The parties agree that the terms of this settlement shall remain strictly confidential and shall not be disclosed unless required by law.
10On August 15, 2013, the applicant filed the new Application in which he alleges discrimination in employment, and goods, services or facilities because of race, colour, ancestry, place of origin, ethnic origin and he alleges reprisal. As set out in greater detail below, the allegations in the new Application include both allegations of discrimination over the course of his previous employment with Ontario (Community and Social Services), as well as allegations over a period of time from when his employment with Ontario (Community and Social Services) ended and he filed the new Application. The latter allegations generally relate to a series of applications he made for new jobs with the provincial government and which he submitted through Ontario (Government Services). He also indicates that the facts of the new Application were part of some other proceeding that is now completed, and named the Ministry of Community and Social Services as a party to the previous proceeding. He submits however, that the previous Application was “against the Ministry of Community and Social Services (MCSS). The Respondents were not a party in that Application”. He indicates the new Application relates to discrimination before hiring and in employment. With respect to alleged discrimination in employment, he alleges discriminatory discipline, termination of employment, poisoned work environment and being denied a workplace opportunity and denial of employment benefits which he describes as receiving information from the individual respondent on May 31, 2013, even though he had requested it in 2010. With respect to alleged discrimination before employment he alleges discrimination as a result of a job ad, in an application form, in a hiring decision and “other”. To be clear, in his narrative, there are no allegations with regard to a job ad or an application form, and the allegation of discrimination before employment appears to be about hiring decisions. He alleges that he was reprised against for having filed the previous Application at the Tribunal.

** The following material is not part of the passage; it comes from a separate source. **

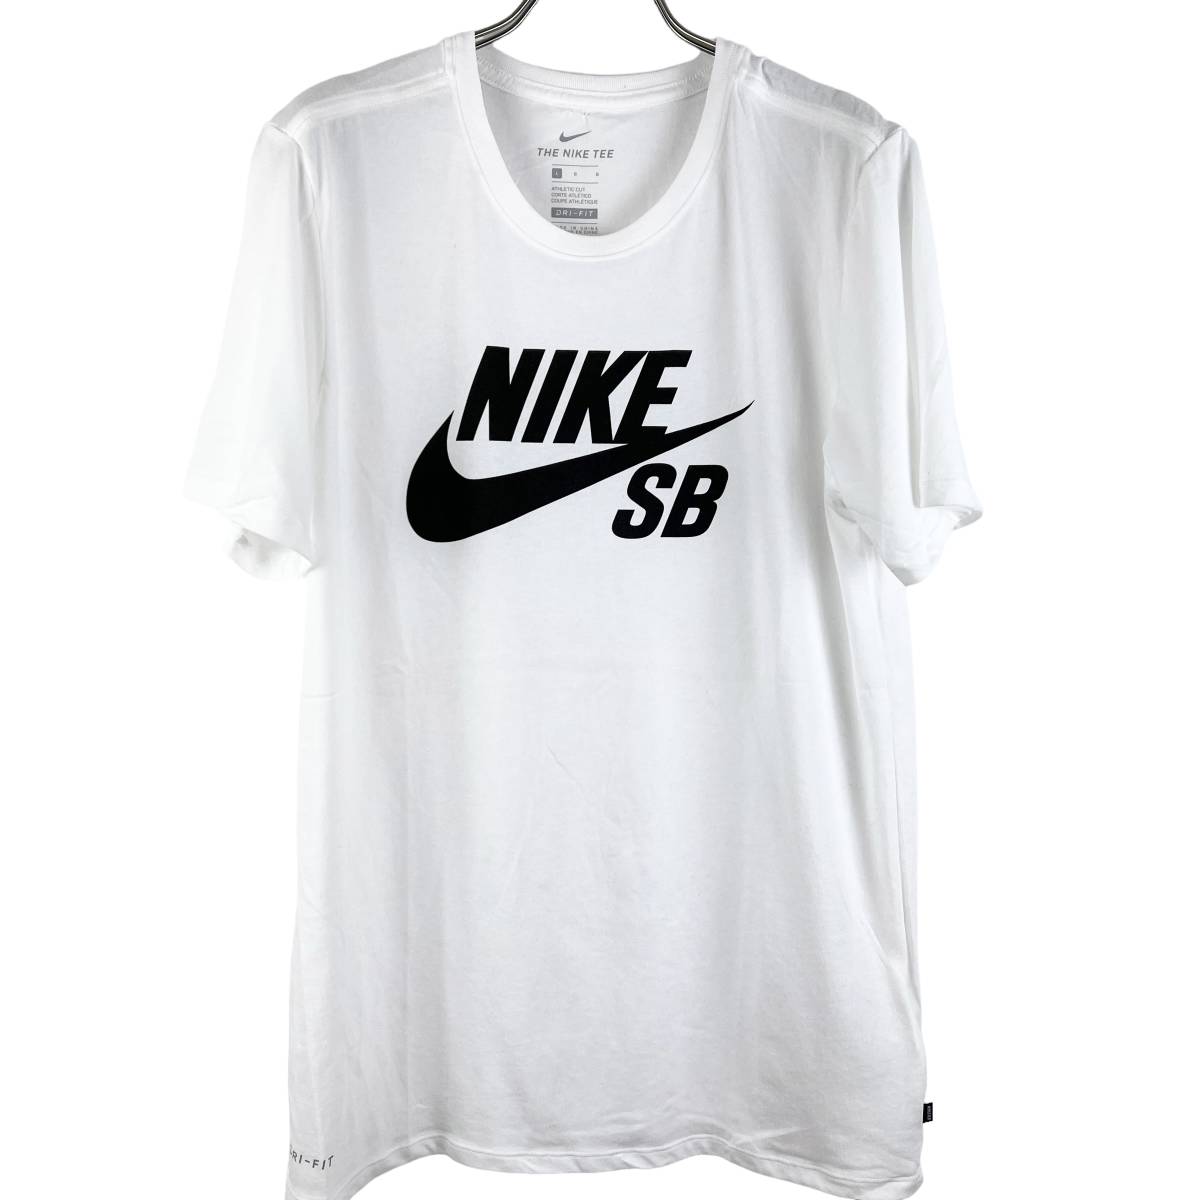 NIKE(ナイキ) SB DRI-FIT Series T Shirt (white)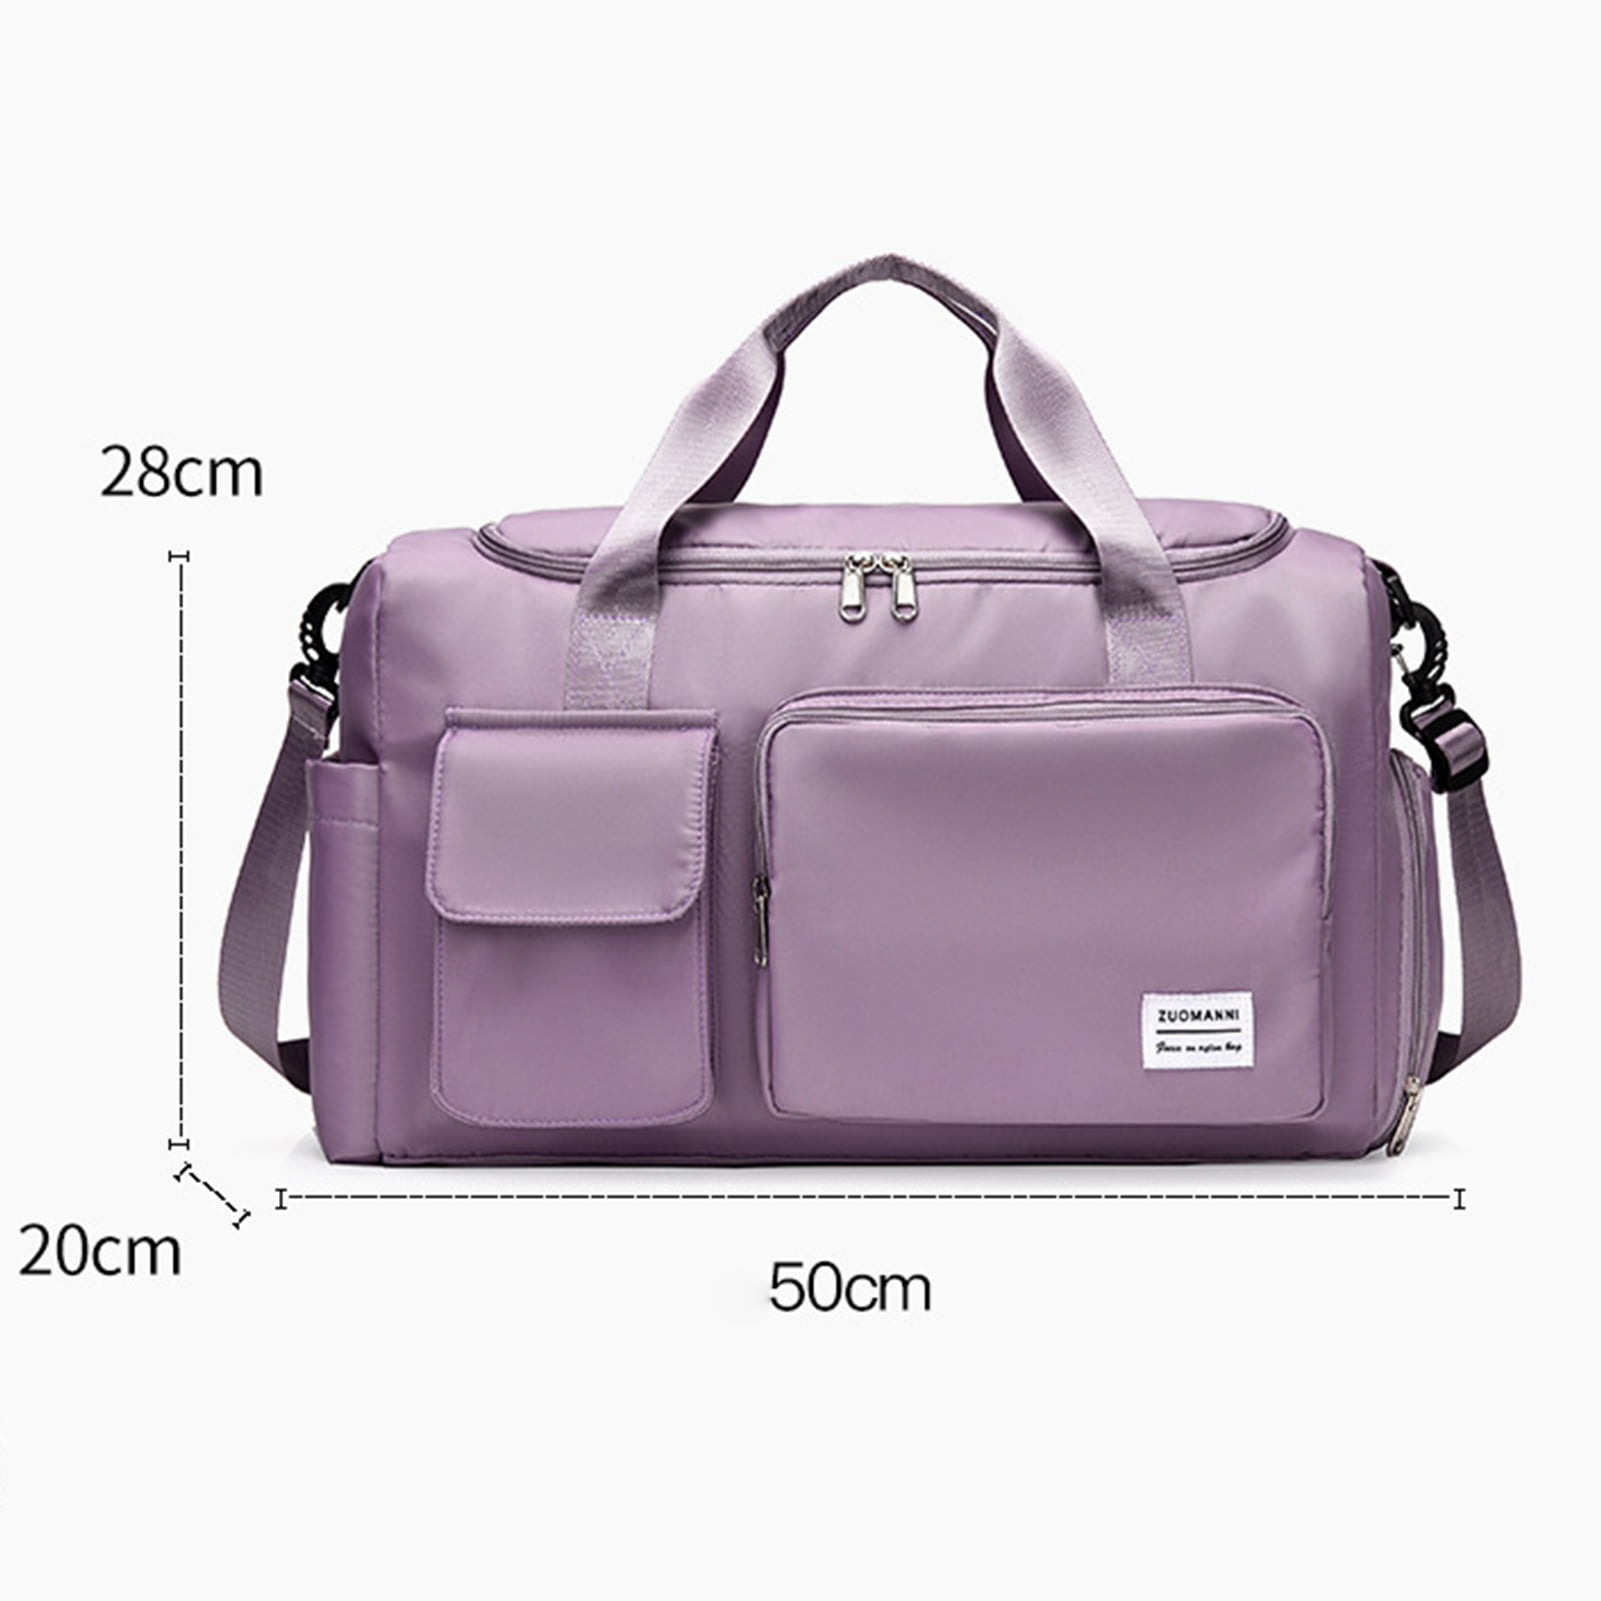 LouisWill Sports Gym Bags Training Fitness Travel Handbag Duffle

11The applicant asserts that he “began [his] career in the Ontario Public Service in October 1991 at the Ministry of the Attorney General”. He then describes the progression of his career through different jobs and Ontario government ministries. He alleges that on February 22, 2010 his employment was terminated for discriminatory reasons, and provides in his new Application details from the course of his employment in support of this allegation. He alleges that the Director who discriminated against him was friends with the individual respondent named in the new Application, who works at HROntario. He asserts that the “HROntario Division of MGS…acts as a central point in recruitment processes for OPS ministries”. He also alleges that from February 2010 to March 2013, he “submitted a number of job applications through the HROntario job application submission system”, but was unsuccessful. He alleges that his job applications “reached a dead end at HROntario which is the gateway”.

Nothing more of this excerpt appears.